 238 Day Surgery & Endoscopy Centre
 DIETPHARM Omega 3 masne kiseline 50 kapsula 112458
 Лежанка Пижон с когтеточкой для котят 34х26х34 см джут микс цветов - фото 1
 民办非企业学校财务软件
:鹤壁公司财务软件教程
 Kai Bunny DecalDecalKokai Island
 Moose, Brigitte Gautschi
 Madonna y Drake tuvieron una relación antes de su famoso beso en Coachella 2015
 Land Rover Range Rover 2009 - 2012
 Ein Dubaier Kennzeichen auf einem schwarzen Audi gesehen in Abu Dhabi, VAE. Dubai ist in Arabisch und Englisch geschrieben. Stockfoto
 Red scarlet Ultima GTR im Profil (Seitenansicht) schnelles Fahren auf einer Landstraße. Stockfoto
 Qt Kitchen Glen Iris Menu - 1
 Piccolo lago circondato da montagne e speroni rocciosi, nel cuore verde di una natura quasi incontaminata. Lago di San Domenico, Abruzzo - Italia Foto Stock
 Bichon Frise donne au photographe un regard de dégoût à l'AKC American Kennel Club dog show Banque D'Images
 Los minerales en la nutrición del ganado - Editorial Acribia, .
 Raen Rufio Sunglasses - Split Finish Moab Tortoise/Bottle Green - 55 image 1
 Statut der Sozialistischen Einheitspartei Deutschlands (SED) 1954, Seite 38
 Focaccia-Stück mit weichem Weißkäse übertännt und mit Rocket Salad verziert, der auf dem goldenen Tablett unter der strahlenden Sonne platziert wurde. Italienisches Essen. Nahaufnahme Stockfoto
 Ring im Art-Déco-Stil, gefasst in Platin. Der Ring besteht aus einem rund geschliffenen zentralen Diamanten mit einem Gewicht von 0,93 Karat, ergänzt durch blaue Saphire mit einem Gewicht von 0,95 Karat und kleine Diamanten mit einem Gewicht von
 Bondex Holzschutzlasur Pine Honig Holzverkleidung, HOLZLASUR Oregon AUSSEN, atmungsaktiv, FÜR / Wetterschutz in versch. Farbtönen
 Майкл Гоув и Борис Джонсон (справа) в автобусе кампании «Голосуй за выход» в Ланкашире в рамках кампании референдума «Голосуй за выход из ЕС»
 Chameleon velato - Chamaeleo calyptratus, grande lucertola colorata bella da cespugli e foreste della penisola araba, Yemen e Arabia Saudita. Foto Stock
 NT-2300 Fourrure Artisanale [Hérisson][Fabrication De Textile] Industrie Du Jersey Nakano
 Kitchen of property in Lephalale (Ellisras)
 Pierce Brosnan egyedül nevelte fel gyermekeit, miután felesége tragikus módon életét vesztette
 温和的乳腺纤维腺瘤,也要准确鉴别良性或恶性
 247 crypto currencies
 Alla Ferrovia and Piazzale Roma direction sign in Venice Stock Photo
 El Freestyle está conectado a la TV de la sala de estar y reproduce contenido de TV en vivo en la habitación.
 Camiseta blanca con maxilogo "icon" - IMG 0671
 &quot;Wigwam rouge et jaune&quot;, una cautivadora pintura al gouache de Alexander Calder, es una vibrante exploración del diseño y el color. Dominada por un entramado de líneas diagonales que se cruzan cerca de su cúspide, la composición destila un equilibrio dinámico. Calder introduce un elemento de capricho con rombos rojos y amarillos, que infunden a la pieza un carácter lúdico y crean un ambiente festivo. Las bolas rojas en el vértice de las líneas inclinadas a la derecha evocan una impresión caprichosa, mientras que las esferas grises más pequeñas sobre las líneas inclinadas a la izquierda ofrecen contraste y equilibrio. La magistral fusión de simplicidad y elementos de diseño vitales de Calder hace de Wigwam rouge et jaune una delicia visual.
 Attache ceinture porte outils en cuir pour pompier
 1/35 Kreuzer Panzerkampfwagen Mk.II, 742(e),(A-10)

________________________________________

EXERCISE PROMPT
Keeping each word as given, write out the material above.

WRITTEN RESPONSE
 238 Day Surgery & Endoscopy Centre
 DIETPHARM Omega 3 masne kiseline 50 kapsula 112458
 Лежанка Пижон с когтеточкой для котят 34х26х34 см джут микс цветов - фото 1
 民办非企业学校财务软件
:鹤壁公司财务软件教程
 Kai Bunny DecalDecalKokai Island
 Moose, Brigitte Gautschi
 Madonna y Drake tuvieron una relación antes de su famoso beso en Coachella 2015
 Land Rover Range Rover 2009 - 2012
 Ein Dubaier Kennzeichen auf einem schwarzen Audi gesehen in Abu Dhabi, VAE. Dubai ist in Arabisch und Englisch geschrieben. Stockfoto
 Red scarlet Ultima GTR im Profil (Seitenansicht) schnelles Fahren auf einer Landstraße. Stockfoto
 Qt Kitchen Glen Iris Menu - 1
 Piccolo lago circondato da montagne e speroni rocciosi, nel cuore verde di una natura quasi incontaminata. Lago di San Domenico, Abruzzo - Italia Foto Stock
 Bichon Frise donne au photographe un regard de dégoût à l'AKC American Kennel Club dog show Banque D'Images
 Los minerales en la nutrición del ganado - Editorial Acribia, .
 Raen Rufio Sunglasses - Split Finish Moab Tortoise/Bottle Green - 55 image 1
 Statut der Sozialistischen Einheitspartei Deutschlands (SED) 1954, Seite 38
 Focaccia-Stück mit weichem Weißkäse übertännt und mit Rocket Salad verziert, der auf dem goldenen Tablett unter der strahlenden Sonne platziert wurde. Italienisches Essen. Nahaufnahme Stockfoto
 Ring im Art-Déco-Stil, gefasst in Platin. Der Ring besteht aus einem rund geschliffenen zentralen Diamanten mit einem Gewicht von 0,93 Karat, ergänzt durch blaue Saphire mit einem Gewicht von 0,95 Karat und kleine Diamanten mit einem Gewicht von
 Bondex Holzschutzlasur Pine Honig Holzverkleidung, HOLZLASUR Oregon AUSSEN, atmungsaktiv, FÜR / Wetterschutz in versch. Farbtönen
 Майкл Гоув и Борис Джонсон (справа) в автобусе кампании «Голосуй за выход» в Ланкашире в рамках кампании референдума «Голосуй за выход из ЕС»
 Chameleon velato - Chamaeleo calyptratus, grande lucertola colorata bella da cespugli e foreste della penisola araba, Yemen e Arabia Saudita. Foto Stock
 NT-2300 Fourrure Artisanale [Hérisson][Fabrication De Textile] Industrie Du Jersey Nakano
 Kitchen of property in Lephalale (Ellisras)
 Pierce Brosnan egyedül nevelte fel gyermekeit, miután felesége tragikus módon életét vesztette
 温和的乳腺纤维腺瘤,也要准确鉴别良性或恶性
 247 crypto currencies
 Alla Ferrovia and Piazzale Roma direction sign in Venice Stock Photo
 El Freestyle está conectado a la TV de la sala de estar y reproduce contenido de TV en vivo en la habitación.
 Camiseta blanca con maxilogo "icon" - IMG 0671
 &quot;Wigwam rouge et jaune&quot;, una cautivadora pintura al gouache de Alexander Calder, es una vibrante exploración del diseño y el color. Dominada por un entramado de líneas diagonales que se cruzan cerca de su cúspide, la composición destila un equilibrio dinámico. Calder introduce un elemento de capricho con rombos rojos y amarillos, que infunden a la pieza un carácter lúdico y crean un ambiente festivo. Las bolas rojas en el vértice de las líneas inclinadas a la derecha evocan una impresión caprichosa, mientras que las esferas grises más pequeñas sobre las líneas inclinadas a la izquierda ofrecen contraste y equilibrio. La magistral fusión de simplicidad y elementos de diseño vitales de Calder hace de Wigwam rouge et jaune una delicia visual.
 Attache ceinture porte outils en cuir pour pompier
 1/35 Kreuzer Panzerkampfwagen Mk.II, 742(e),(A-10)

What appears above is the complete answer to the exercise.